Would you transcribe the records below from the line with "WODFS619 - Lysegrønt Statisk Gress, 4mm, 42g" to the line with "Mixed Burgundy And Blush Bridesmaid Dresses", ends included, exactly and with nothing more, leaving the pictures out?

### [Records to use]
═══

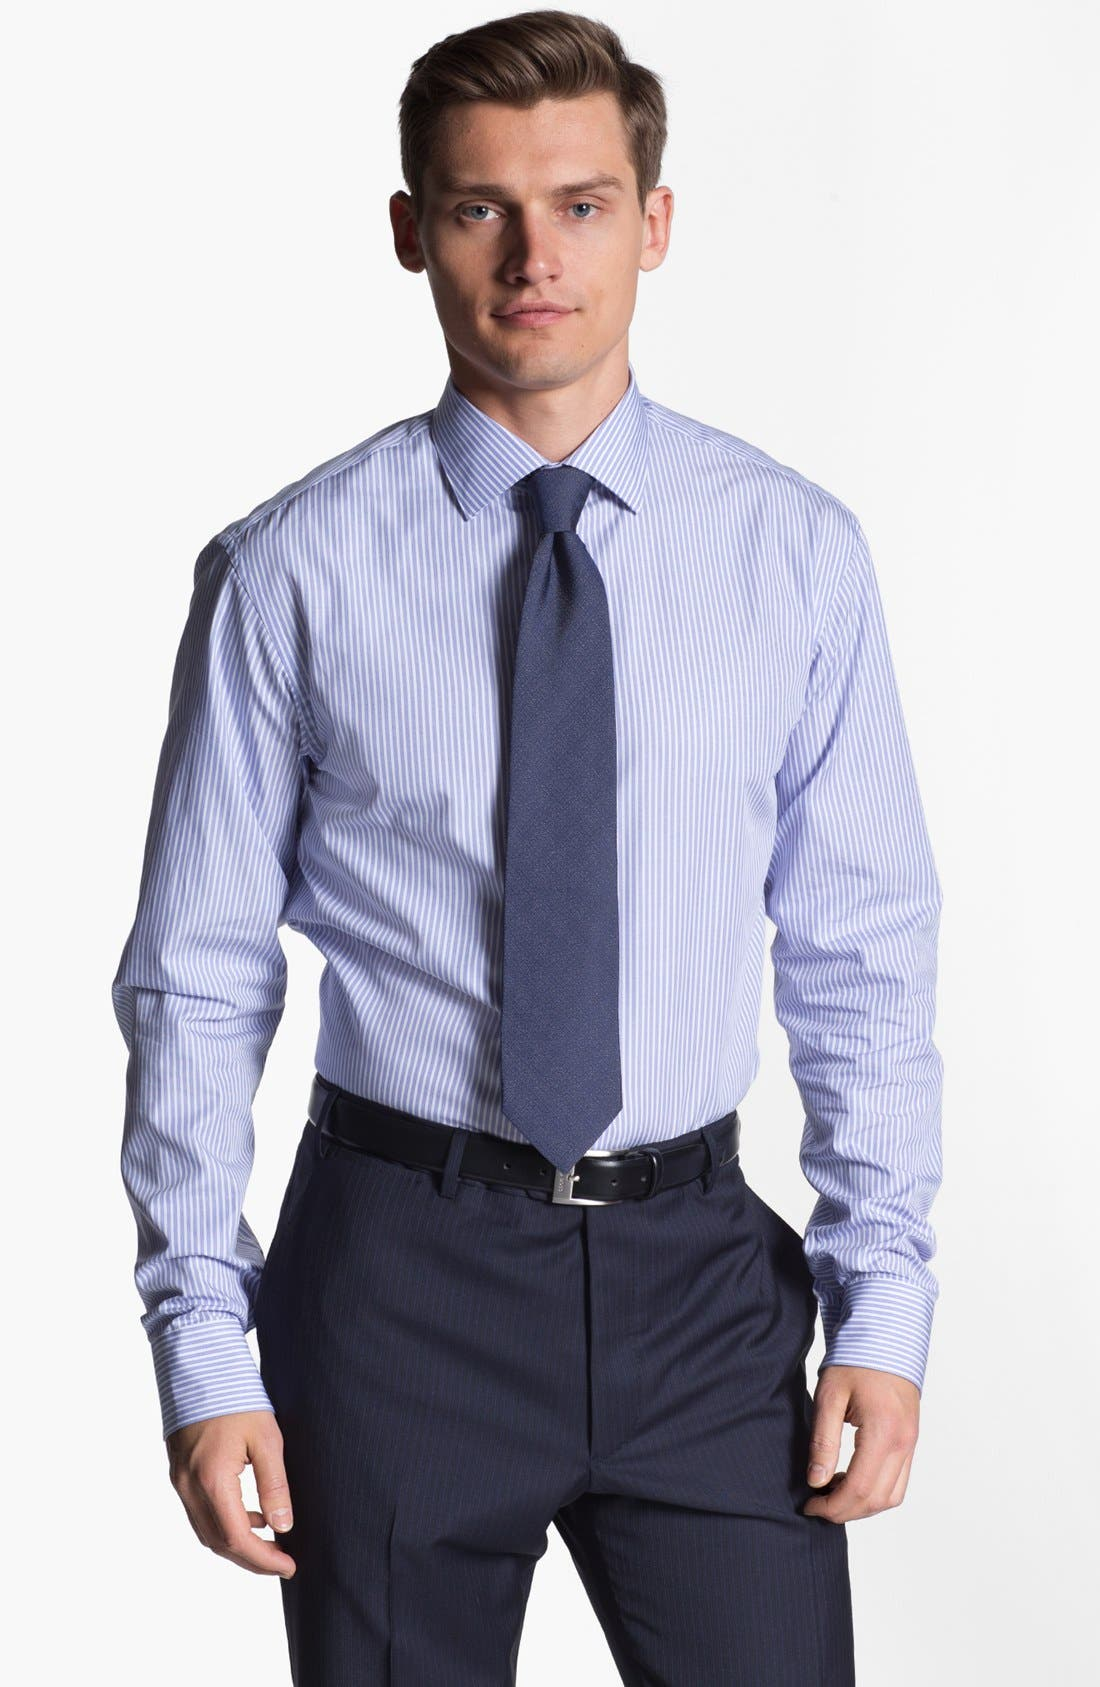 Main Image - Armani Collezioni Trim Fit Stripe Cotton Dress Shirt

═══

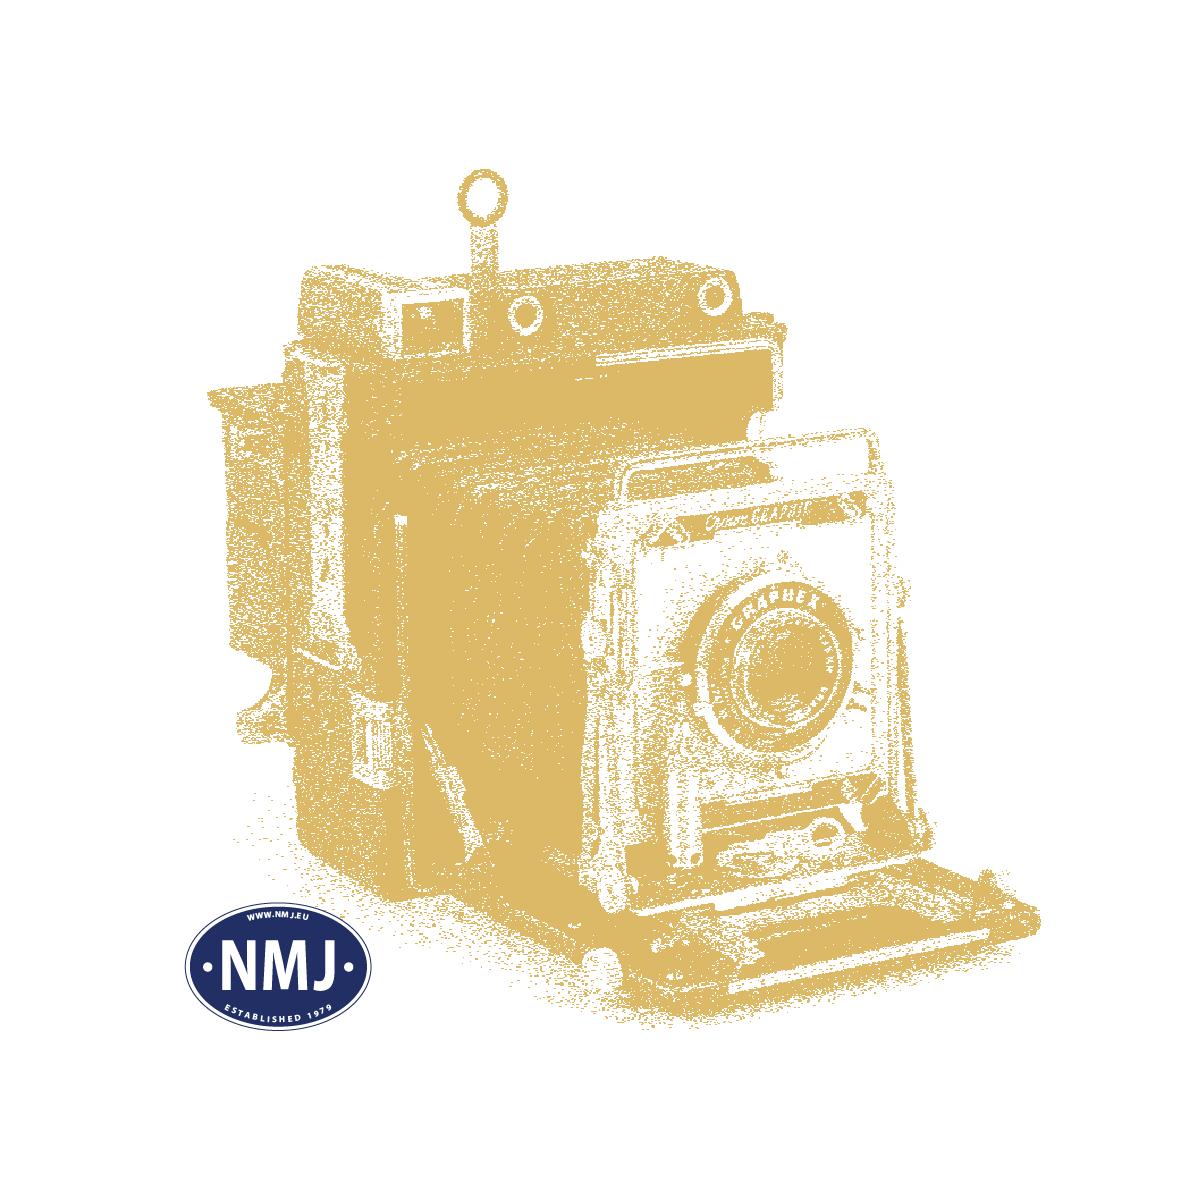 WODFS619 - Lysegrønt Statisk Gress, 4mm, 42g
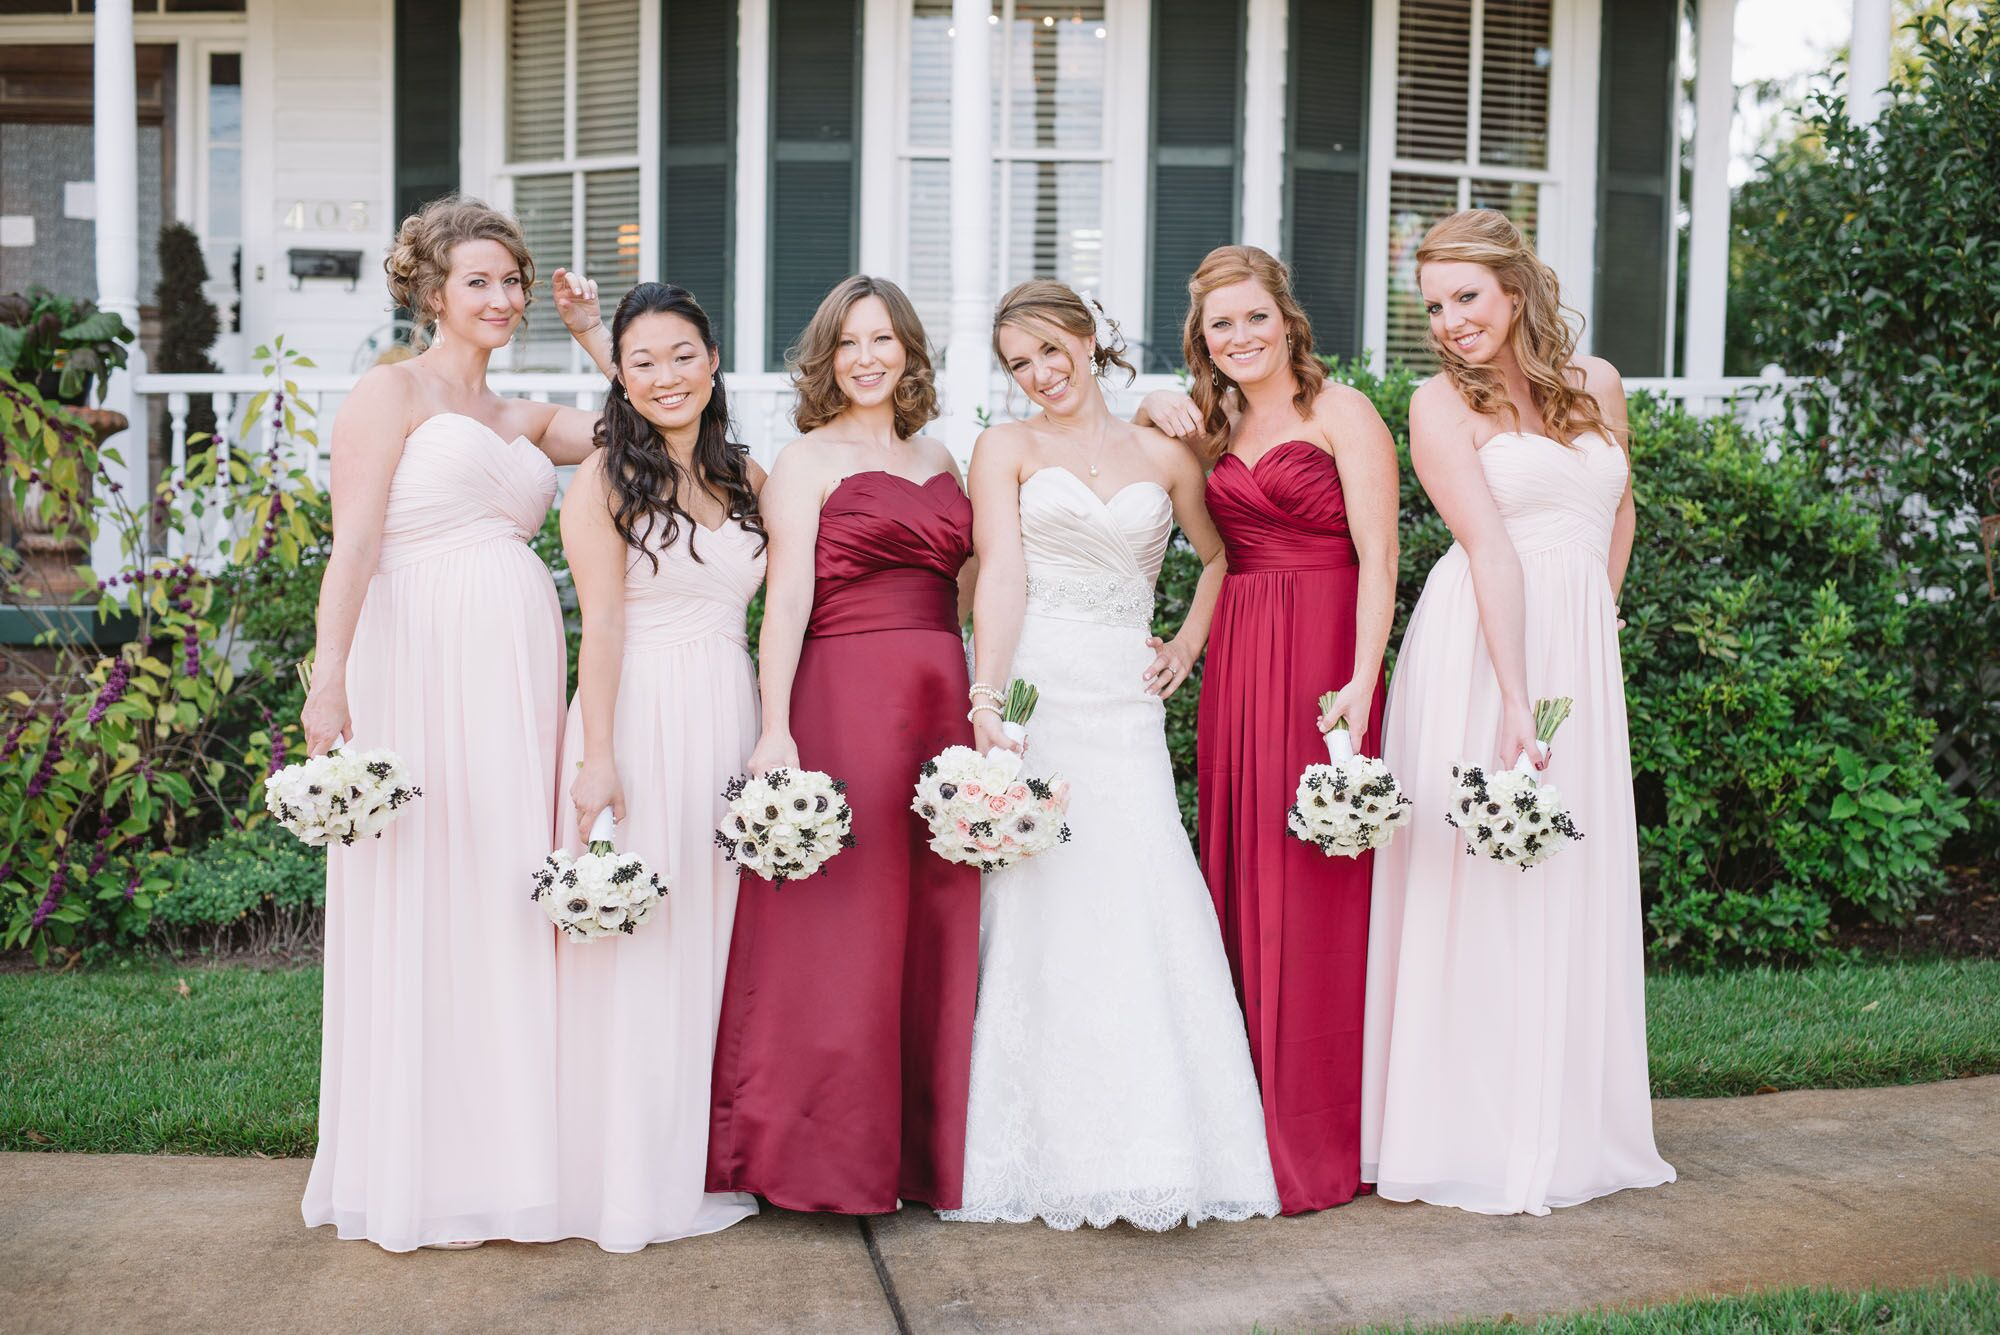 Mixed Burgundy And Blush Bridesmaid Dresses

═══

### [Solution for this task]
 WODFS619 - Lysegrønt Statisk Gress, 4mm, 42g
 Mixed Burgundy And Blush Bridesmaid Dresses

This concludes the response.